If you have time left over in the session after “writing a song”, maybe you work on some phase 3, 4, and 5 work for that “best of best” song that you are currently preparing for release. Or maybe you write another song! Or you do BOTH. Phase 3, 4, and 5 work does not require long periods of creative focus. It can be done in short piecemeal stages where you listen, make a list of everything you hear that needs to be fixed/added/changed, and then set timers and work through that list. 20 minutes here, 40 minutes there. Work down your list one at a time and stop where you need to.
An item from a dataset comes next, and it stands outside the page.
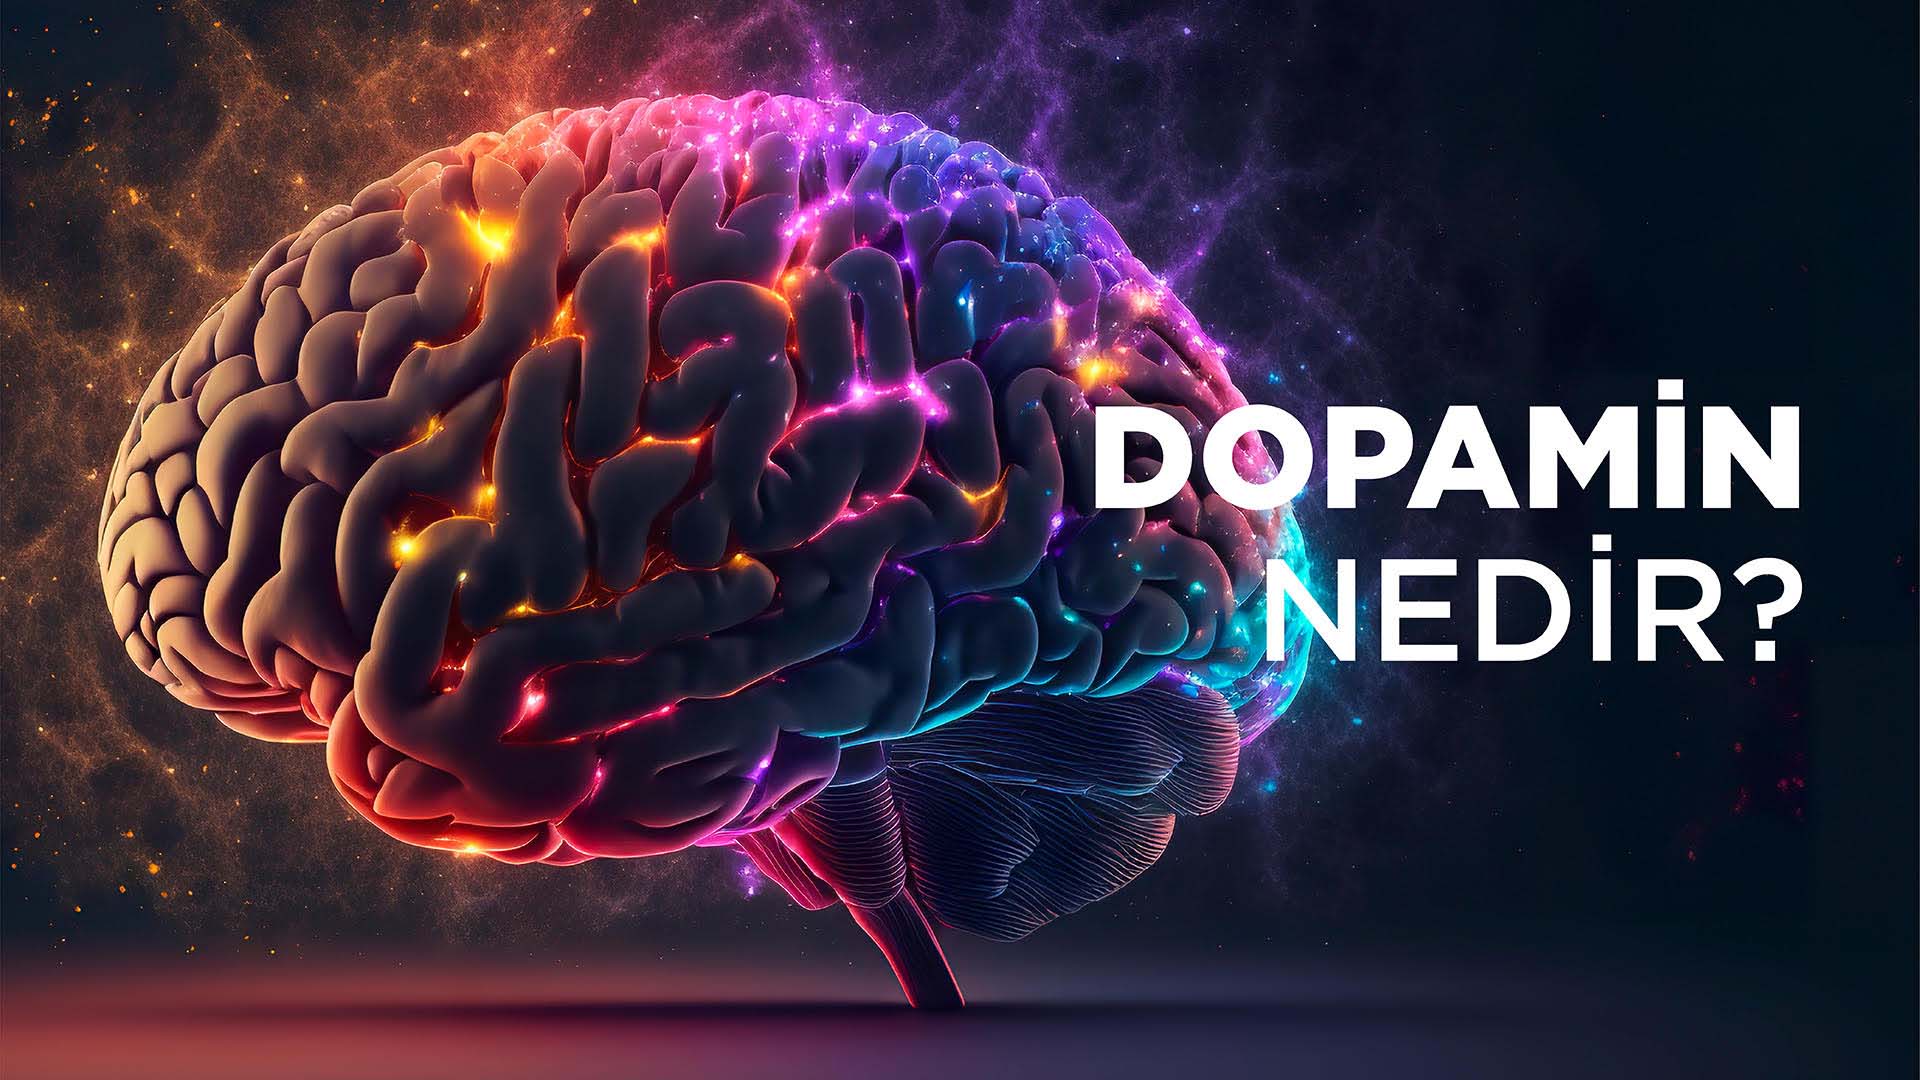  Dopamin Nedir? Dopamin Ne İşe Yarar? | Dopamin Hakkında Bilgi-Vitafenix

All this phase 3, 4, and 5 work can be done piecemeal in bits and pieces across many days, because it’s technical, iterative work, not creative work.

Okay, so if you’ve stuck with me for this long, hopefully you have a better understanding of why “Speed ills”. And why being a perfectionist and having the mindset that you can and should sit on a song for months and slowly chip away at it is not a very strong approach. Ask yourself what happens when you try and try and spend months on a song and finally release it and… It’s just not that good. When in the same time, you could have cranked out literally dozens of songs and picked 4 really great “happy accidents” and put out a constant stream of single releases to keep your fans engaged and constantly watching for your next song to come out?